Is Subsequence

LeetCode Q 392 - Is Subsequence

Given a string s and a string t, check if s is subsequence of t.
You may assume that there is only lower case English letters in both s and t. t is potentially a very long (length is about 500,000) string, and s is a short string (<=100).
Follow up:
If there are lots of incoming S, say S1, S2, … , Sk where k >= 1B, and you want to check one by one to see if T has its subsequence. In this scenario, how would you change your code?

Solution

1. Solution 1

Code:

public boolean isSubsequence(String s, String t) {
	if (s.length() == 0) return true;
	if (s.length() > t.length()) return false;
	int i = 0, j = 0;
	while (i < s.length() && j < t.length()) {
		if (s.charAt(i) == t.charAt(j)) i++;
		j++;
	}
	return i == s.length();
}

public boolean isSubsequence(String s, String t) {
	if (s.length() == 0) return true;
	if (s.length() > t.length()) return false;
	for (int i = 0; i < s.length; i++) {
		int index = t.indexOf(s.charAt(i));
		if (index == -1) return false;
		t = t.substring(index + 1);
	}
	return true;
}

2. Solution of Follow Up Question

If we check each s in this way, then it would be O(kn) time where k is the number of s and n is the length of t. This is inefficient.  Since there is a lot of s, it would be reasonable to preprocess t to generate something that is easy to search for if a character of s is in t. Sounds like a HashMap, which is super suitable for search for existing stuff.

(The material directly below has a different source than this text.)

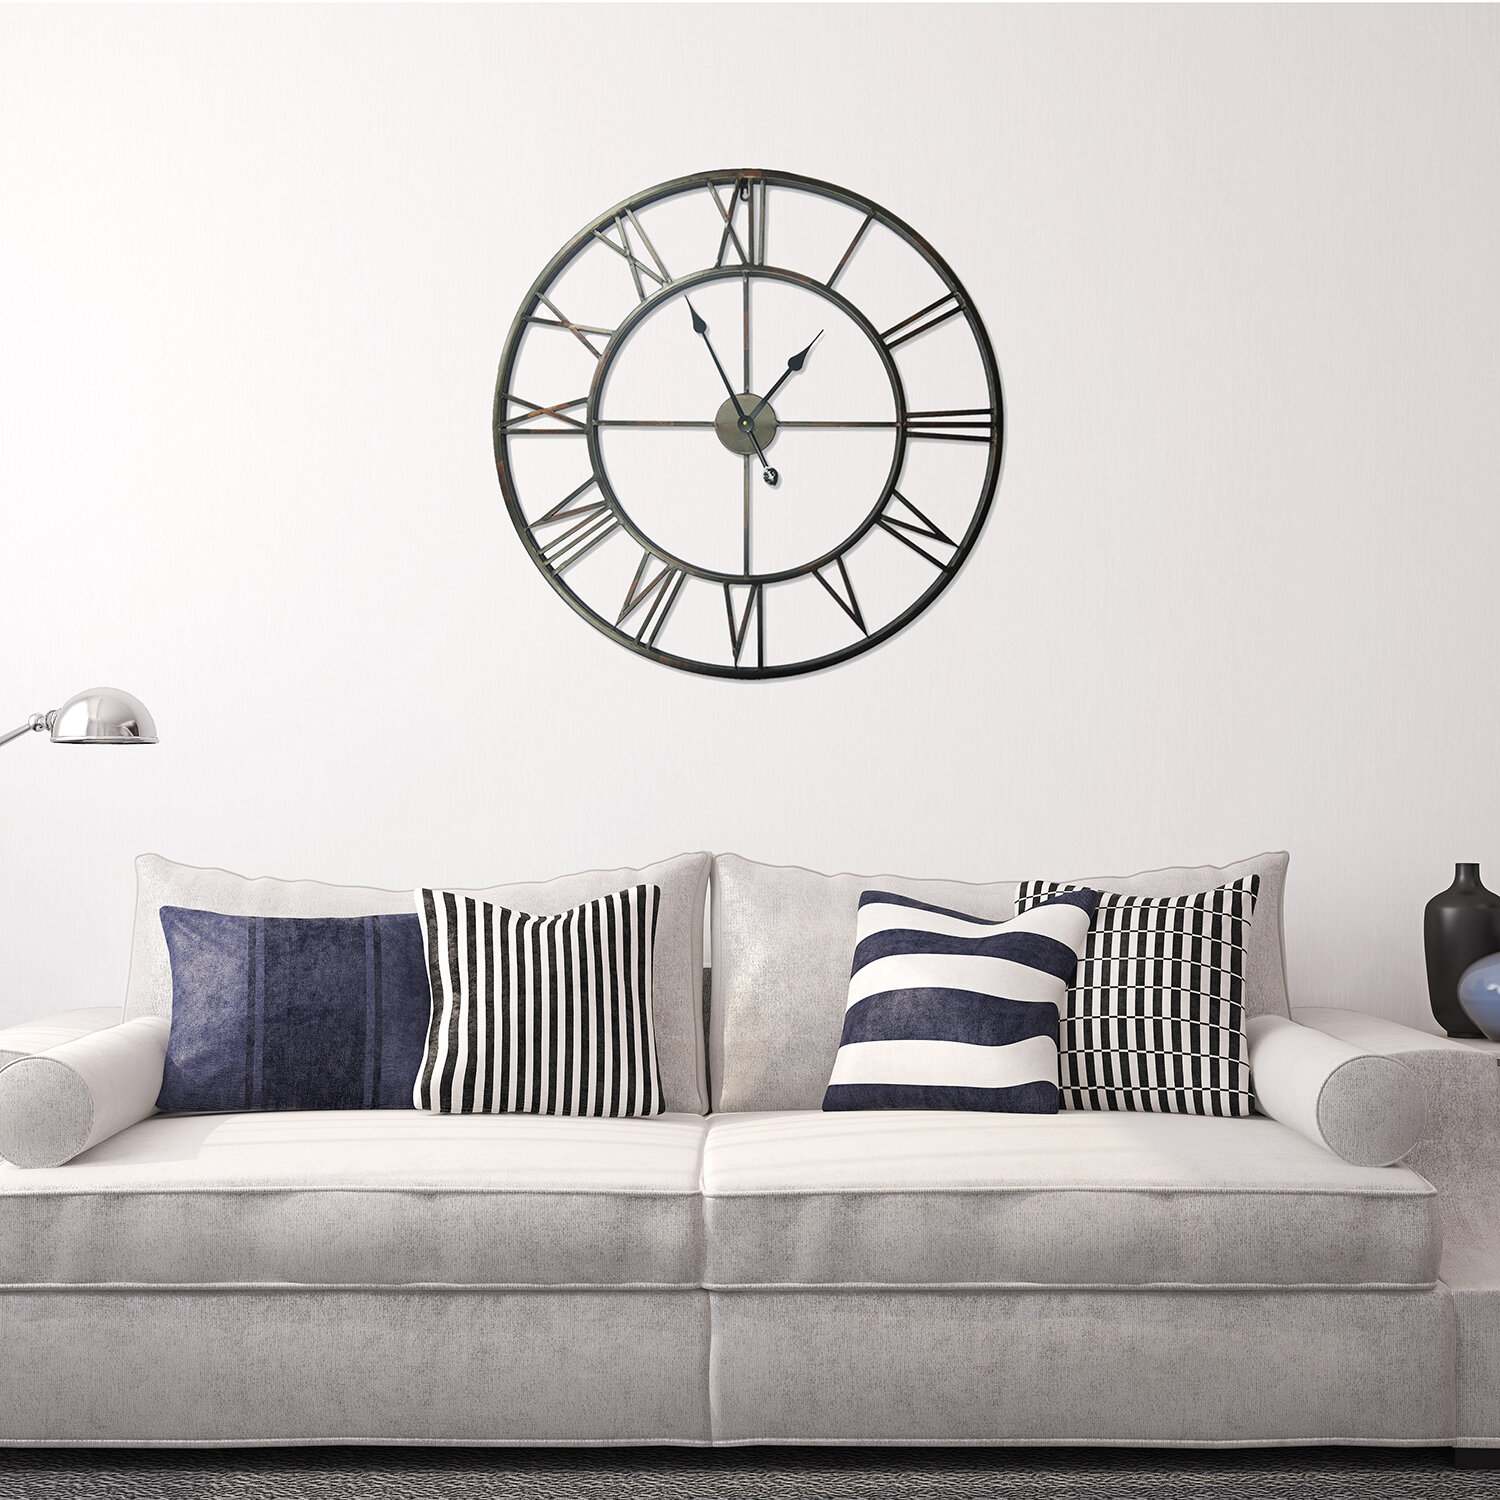 Alba Small Round Wall Clock In Black Acrylic

1. Build a map, key is the char in String t, value is a list contianing the index of the char in t.

2. Use binary search to find if each char in String s exists in t.

Code:

public boolean isSubsequence(String s, String t) {
	Map<Character, List<Integer>> map = new HashMap<>();
	for (int i = 0; i < t.length(); i++) {
		map.putIfAbsent(t.charAt(i), new ArrayList<>());
		map.get(t.charAt(i)).add(i);
	}
	int prev = -1;
	for (char ch: s.toCharArray()) {
		prev = binarySearch(map, ch, prev);
		if (prev == -1) return false;
		prev++;
	}
}

private int binarySearch(Map<Character, List<Integer>> map, char ch, int index) {
	if (!map.containsKey(ch)) return -1;
	List<Integer> list = map.get(ch);
	int lo = 0, hi = list.size() - 1;
	while (lo <= hi) {
		int mid = lo + (hi - lo) / 2;
		if (list.get(mid) < index)
			lo = mid + 1;
		else 
			hi = mid - 1;
	}
	return lo == list.size() ? -1 : list.get(lo);
}